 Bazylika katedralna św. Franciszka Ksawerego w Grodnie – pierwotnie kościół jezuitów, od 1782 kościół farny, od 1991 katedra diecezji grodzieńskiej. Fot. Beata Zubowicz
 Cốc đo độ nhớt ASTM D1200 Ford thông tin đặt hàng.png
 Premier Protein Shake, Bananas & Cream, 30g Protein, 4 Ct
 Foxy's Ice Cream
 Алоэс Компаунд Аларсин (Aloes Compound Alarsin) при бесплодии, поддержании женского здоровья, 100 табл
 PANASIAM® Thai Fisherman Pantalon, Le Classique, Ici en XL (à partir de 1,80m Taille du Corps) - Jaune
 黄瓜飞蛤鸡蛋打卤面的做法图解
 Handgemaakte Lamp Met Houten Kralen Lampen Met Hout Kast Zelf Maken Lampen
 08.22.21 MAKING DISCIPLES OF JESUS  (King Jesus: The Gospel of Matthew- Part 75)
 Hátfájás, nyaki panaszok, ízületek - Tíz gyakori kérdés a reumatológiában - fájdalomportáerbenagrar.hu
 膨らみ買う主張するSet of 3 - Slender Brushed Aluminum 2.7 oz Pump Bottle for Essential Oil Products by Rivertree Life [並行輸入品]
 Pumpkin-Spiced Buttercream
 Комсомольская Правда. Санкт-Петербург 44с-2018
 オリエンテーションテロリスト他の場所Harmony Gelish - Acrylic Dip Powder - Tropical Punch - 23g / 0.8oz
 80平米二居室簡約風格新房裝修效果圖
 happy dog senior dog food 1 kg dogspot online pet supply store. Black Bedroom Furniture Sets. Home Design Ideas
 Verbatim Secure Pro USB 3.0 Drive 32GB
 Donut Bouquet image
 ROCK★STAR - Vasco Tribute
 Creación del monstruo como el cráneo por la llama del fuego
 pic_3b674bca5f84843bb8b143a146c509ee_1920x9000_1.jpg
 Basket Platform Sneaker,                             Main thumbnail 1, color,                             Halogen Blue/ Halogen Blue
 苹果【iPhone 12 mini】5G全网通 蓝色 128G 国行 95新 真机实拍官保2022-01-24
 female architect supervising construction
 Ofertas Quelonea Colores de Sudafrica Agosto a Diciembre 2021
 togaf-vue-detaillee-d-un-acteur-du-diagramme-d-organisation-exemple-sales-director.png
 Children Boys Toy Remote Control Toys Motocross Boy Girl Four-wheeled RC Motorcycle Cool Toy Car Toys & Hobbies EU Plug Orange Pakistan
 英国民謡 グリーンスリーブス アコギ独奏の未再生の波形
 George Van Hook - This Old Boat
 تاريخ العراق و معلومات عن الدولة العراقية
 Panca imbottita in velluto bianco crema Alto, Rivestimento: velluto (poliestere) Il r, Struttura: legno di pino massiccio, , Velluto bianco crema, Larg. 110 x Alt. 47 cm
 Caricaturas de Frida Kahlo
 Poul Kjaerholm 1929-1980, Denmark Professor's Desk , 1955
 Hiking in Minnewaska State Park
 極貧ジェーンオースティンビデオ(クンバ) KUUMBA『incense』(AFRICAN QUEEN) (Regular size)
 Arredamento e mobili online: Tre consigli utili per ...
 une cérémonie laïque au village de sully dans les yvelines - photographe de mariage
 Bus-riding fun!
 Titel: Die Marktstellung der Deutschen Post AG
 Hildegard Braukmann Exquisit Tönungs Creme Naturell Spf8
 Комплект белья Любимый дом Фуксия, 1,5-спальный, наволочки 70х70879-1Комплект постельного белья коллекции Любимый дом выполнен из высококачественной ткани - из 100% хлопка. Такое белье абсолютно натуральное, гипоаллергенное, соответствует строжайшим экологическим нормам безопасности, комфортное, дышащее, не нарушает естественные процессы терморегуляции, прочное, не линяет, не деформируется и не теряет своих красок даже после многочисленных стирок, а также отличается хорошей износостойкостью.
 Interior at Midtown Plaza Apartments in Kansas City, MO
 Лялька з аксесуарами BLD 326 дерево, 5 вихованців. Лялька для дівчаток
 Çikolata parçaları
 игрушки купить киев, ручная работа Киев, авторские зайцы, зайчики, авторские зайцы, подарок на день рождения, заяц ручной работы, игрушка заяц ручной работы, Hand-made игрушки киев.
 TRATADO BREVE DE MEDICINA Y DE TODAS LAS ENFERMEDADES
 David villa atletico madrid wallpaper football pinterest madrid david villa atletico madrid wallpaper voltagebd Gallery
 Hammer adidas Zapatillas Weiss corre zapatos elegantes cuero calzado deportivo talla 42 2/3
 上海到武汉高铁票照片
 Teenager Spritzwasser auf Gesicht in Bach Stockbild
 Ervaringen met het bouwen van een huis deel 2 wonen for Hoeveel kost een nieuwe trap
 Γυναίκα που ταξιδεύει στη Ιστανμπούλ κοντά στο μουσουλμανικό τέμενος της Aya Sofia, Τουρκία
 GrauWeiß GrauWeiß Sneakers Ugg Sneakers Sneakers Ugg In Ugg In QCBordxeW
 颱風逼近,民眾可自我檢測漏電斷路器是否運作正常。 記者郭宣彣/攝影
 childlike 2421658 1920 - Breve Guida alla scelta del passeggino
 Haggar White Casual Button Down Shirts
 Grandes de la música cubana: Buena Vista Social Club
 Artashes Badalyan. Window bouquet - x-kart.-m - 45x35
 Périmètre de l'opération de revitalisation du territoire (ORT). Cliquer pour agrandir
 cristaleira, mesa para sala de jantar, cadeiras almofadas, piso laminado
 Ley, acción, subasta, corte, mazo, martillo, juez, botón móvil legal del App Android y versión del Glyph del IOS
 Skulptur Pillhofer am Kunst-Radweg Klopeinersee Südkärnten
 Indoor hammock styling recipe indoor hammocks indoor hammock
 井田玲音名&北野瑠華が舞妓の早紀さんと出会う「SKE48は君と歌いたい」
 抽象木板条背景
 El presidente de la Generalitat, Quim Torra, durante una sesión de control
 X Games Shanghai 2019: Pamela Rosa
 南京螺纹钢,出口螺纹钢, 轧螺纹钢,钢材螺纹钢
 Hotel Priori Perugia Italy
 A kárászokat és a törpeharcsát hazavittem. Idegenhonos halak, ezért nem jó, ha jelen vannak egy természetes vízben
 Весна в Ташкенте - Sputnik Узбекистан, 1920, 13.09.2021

----------------------------------------

ACTION ITEM:
Report each line above containing the string "online".

FINISHED EXERCISE:
 happy dog senior dog food 1 kg dogspot online pet supply store. Black Bedroom Furniture Sets. Home Design Ideas
 Arredamento e mobili online: Tre consigli utili per ...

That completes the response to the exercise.